For many purposes Excel is a perfectly adequate data container. However, certain common circumstances will force you to confront a database. These circumstances include the following:

An existing database
The data your Excel application requires may already be stored in a database. In that case, you'll need to use the existing database, if for no other purpose than to extract the data your application requires.

Capacity constraints
An Excel worksheet can hold only a limited amount of data, 65,536 rows to be exact. It is not uncommon for a large application to be required to deal with millions of rows of data. You cannot hope to store this much data in Excel, so you are forced to use a database, which can easily manage this volume of data.

Operational requirements
Excel is not a multiuser application. It does have some very unreliable sharing capabilities, but as a general rule, if one person is using an Excel workbook that contains data, anyone else who wants to use it must wait for that person to finish. Databases, by contrast, are inherently multiuser applications. They are designed from the ground up to allow many people to access the same data at the same time. If your application requires multiple users to access the same data at the same time, then you probably need a database.

Relational Databases

A relational database is a set of tables containing data organized into specific categories. Each table contains data categories in columns. Each row contains a unique instance of data for the categories defined by the columns. A relational database is structured such that data can be accessed in many different ways without having to reorganize the tables. A relational database also has the important advantage of being easy to extend. After the original database has been created, new tables can be added without requiring all existing applications that use the database to be modified. The standard method used to access relational data is Structured Query Language (SQL), which we describe in the Data Access Techniques section later in the chapter.
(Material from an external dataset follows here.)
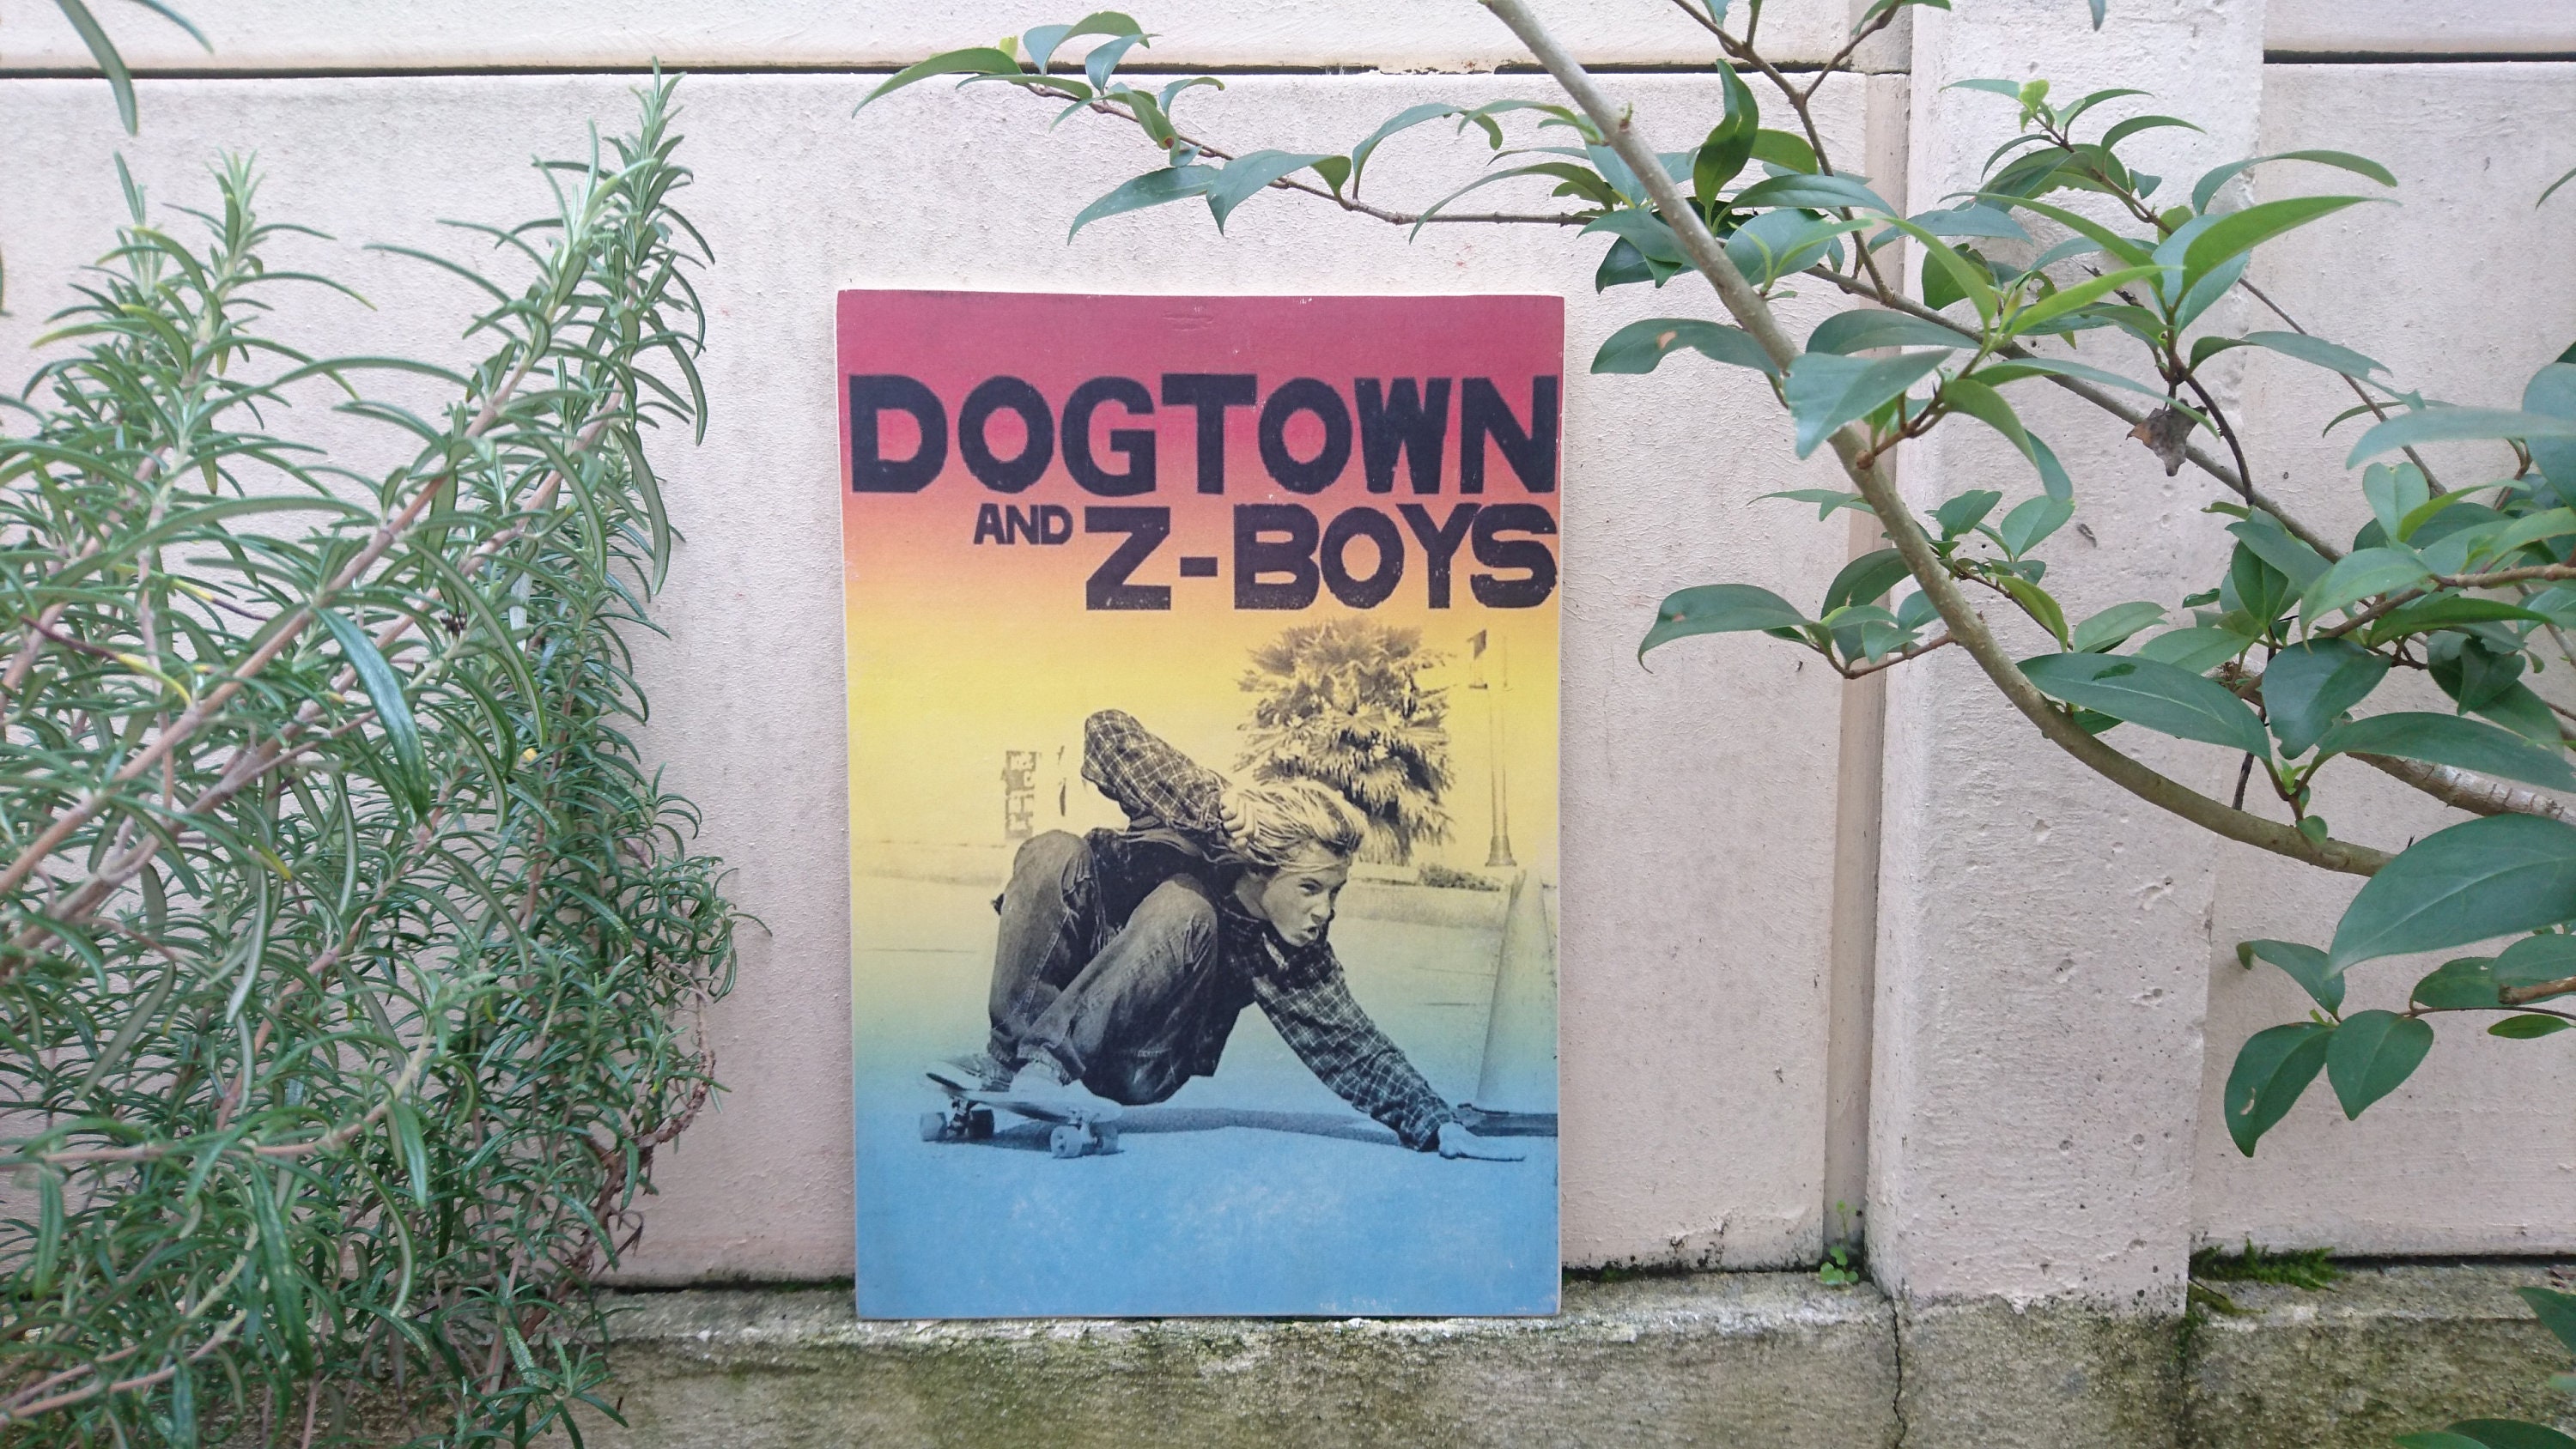 Lords of Dogtown Art Board Print for Sale by hamjudyd

File-Based Databases vs. Client-Server Databases

There are two broad categories of relational databases: file-based databases and client-server databases. The fundamental difference between them has to do with where the data access logic is executed.

In a file-based database, the database consists of one or more files that simply contain the data. When an application accesses a file-based database, all of the data access logic is executed on the client computer where the application resides. The advantages of file-based databases are that they are inexpensive, relatively simple and require little ongoing maintenance. The disadvantages of file-based databases are that they can create significant network traffic, they are limited in the amount of data they can store and limited in the number of simultaneous users who can access them. Microsoft Access and Microsoft Visual FoxPro are two examples of file-based databases.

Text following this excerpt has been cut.